Free software backup utility

Bacula is an open-source, enterprise-level computer backup system for heterogeneous networks. It is designed to automate backup tasks that had often required intervention from a systems administrator or computer operator.

Bacula supports Linux, UNIX, Windows, and macOS backup clients, and a range of professional backup devices including tape libraries. Administrators and operators can configure the system via a command line, GUI or web interface; its back-end is a catalog of information stored by MySQL, PostgreSQL, or SQLite.

==Overview==

Bacula is a set of computer programs for managing backup, recovery, and verification of computer data across a network—providing a backup solution for mixed operating system environments. Its modular design allows it to scale from a single-computer installation to networks of hundreds of machines. Bacula was founded by Kern Sibbald, who served as the project’s lead developer.

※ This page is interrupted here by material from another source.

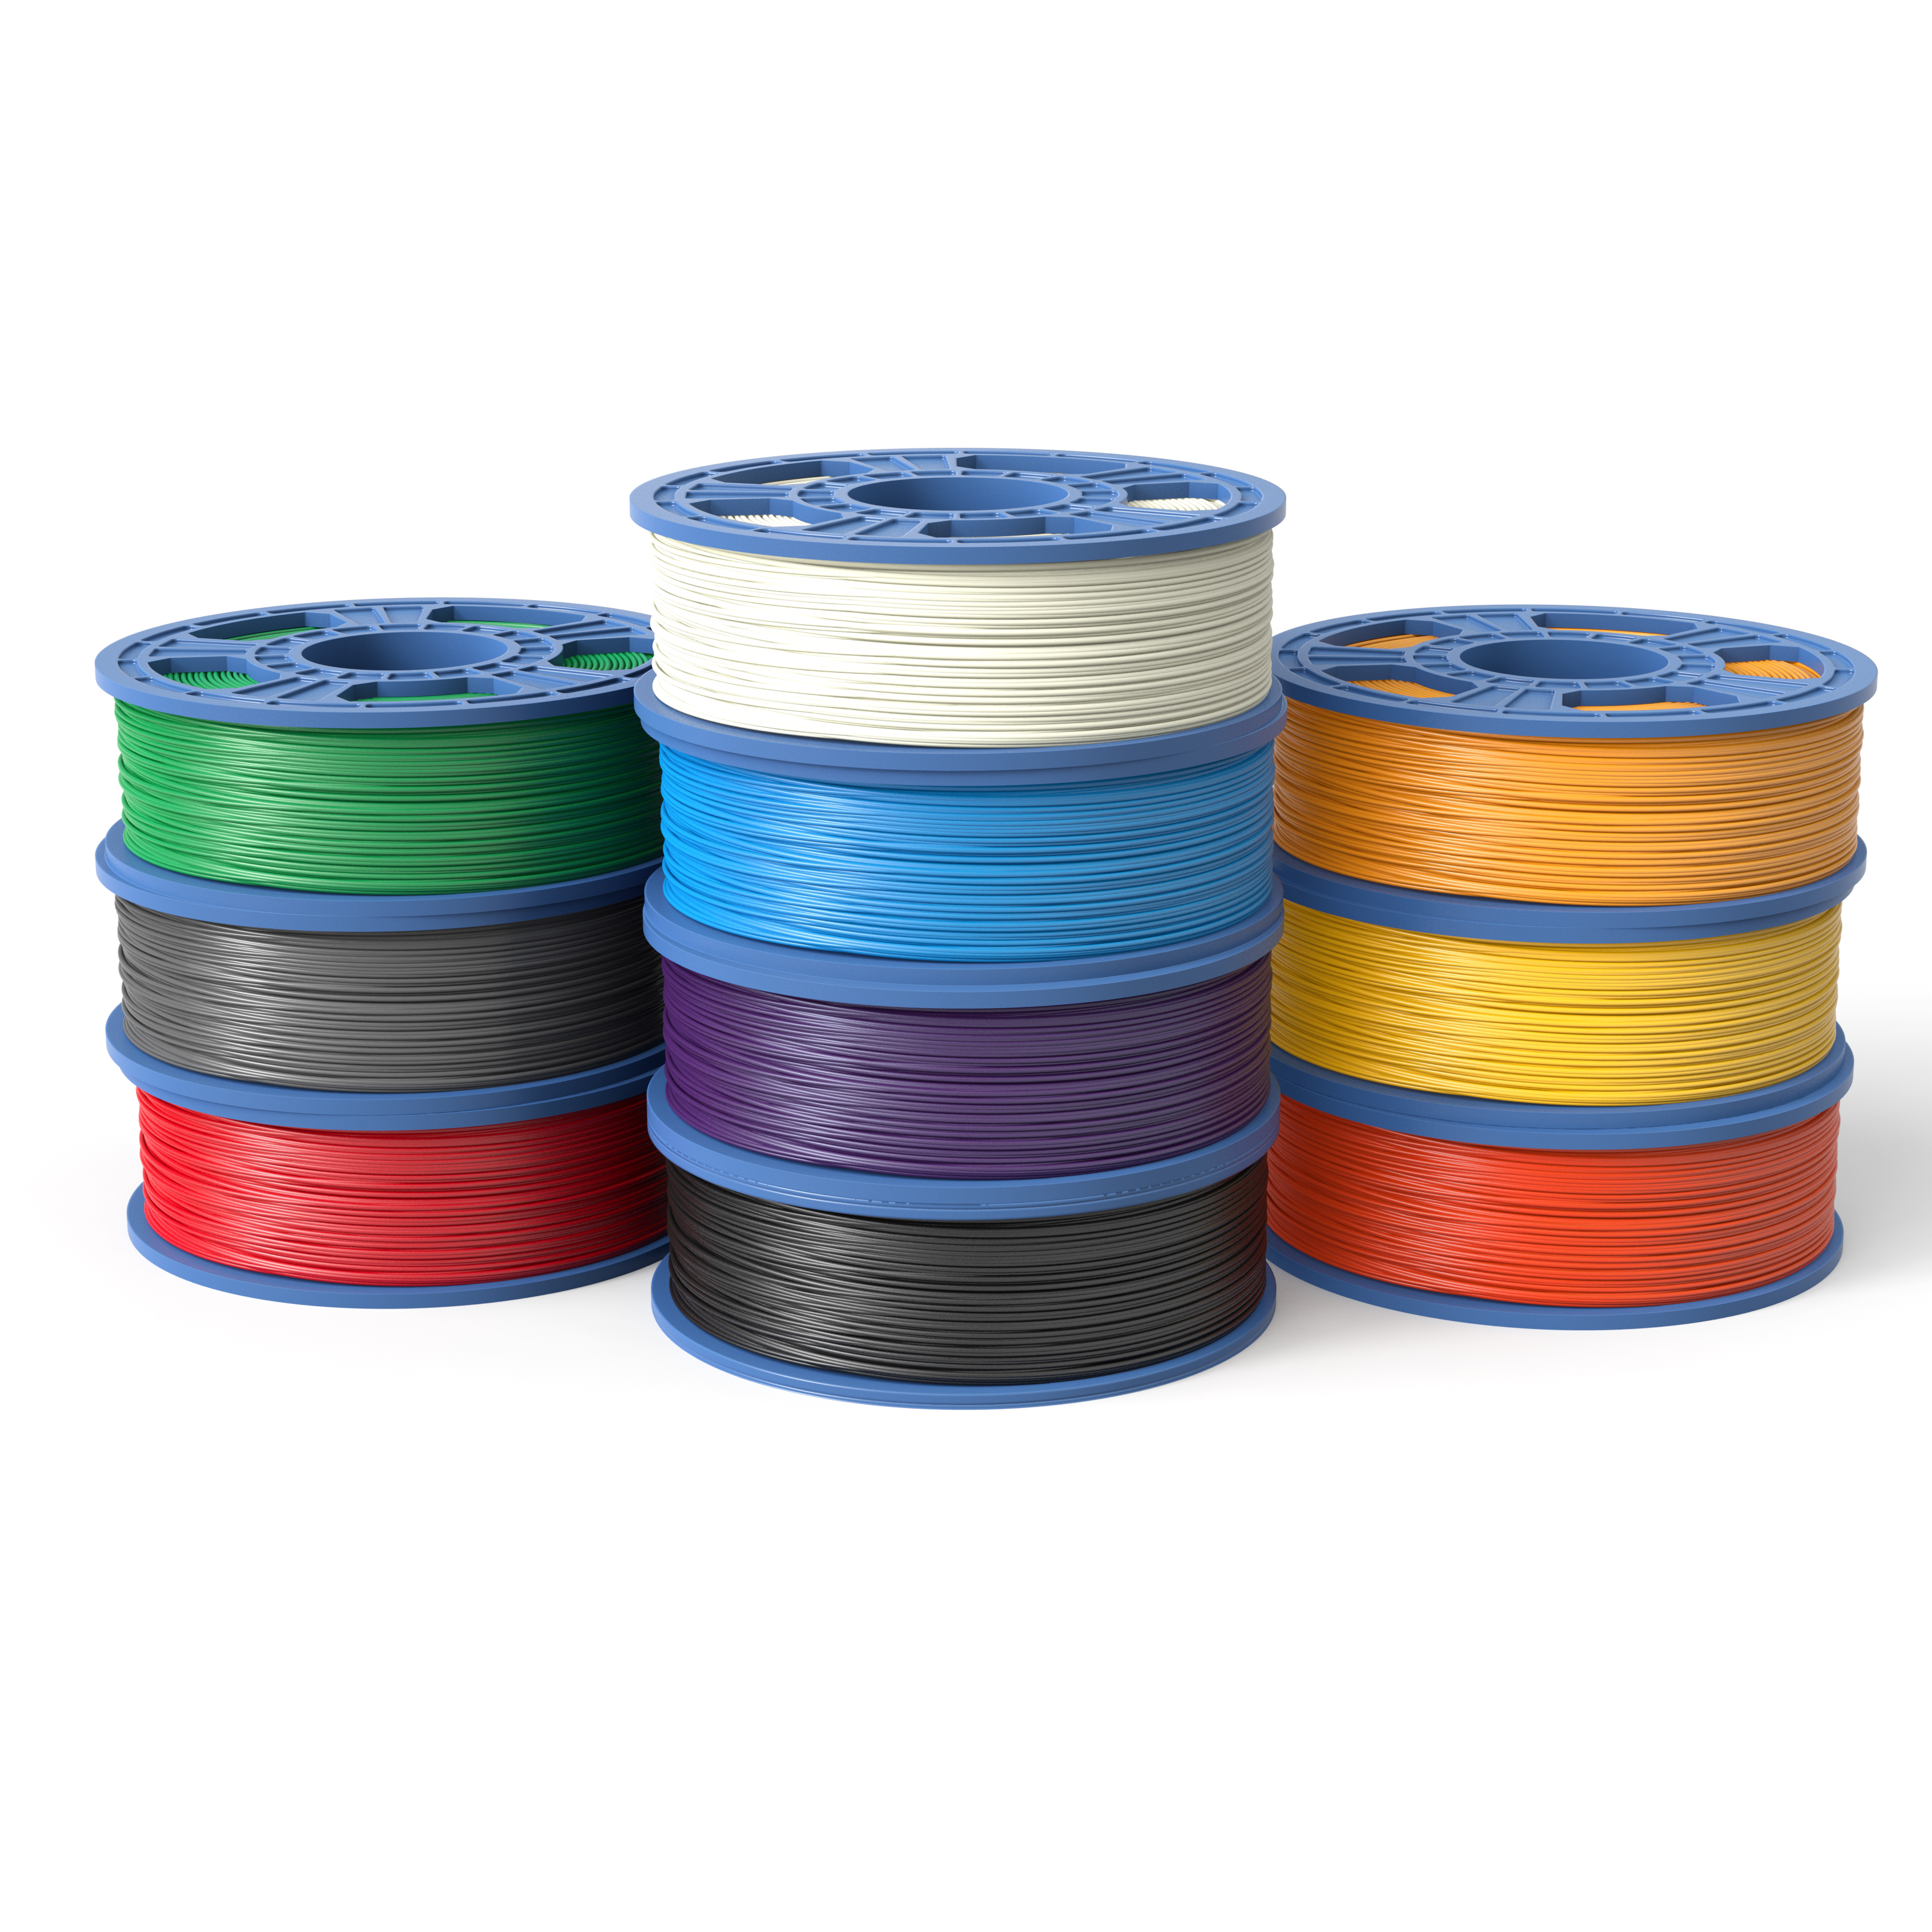 10 Pack Small PLA True Colors 1.75mm Filament

Bacula is open-source and released under the AGPL version 3 license with exceptions to permit linking with OpenSSL and distributing Windows binaries.

Bacula is available under a "dual license" (see Multi-licensing) AGPLv3 or Proprietary license. Several entities offer commercial support for the AGPL "Bacula community version" while Bacula Systems sells various levels of annual support contracts for "Bacula Enterprise Edition", which contains various non-GPL components developed in-house.

In common with other dual-license software, components developed for the Bacula Enterprise Edition are released into Bacula Community edition after some period of exclusivity to the proprietary version.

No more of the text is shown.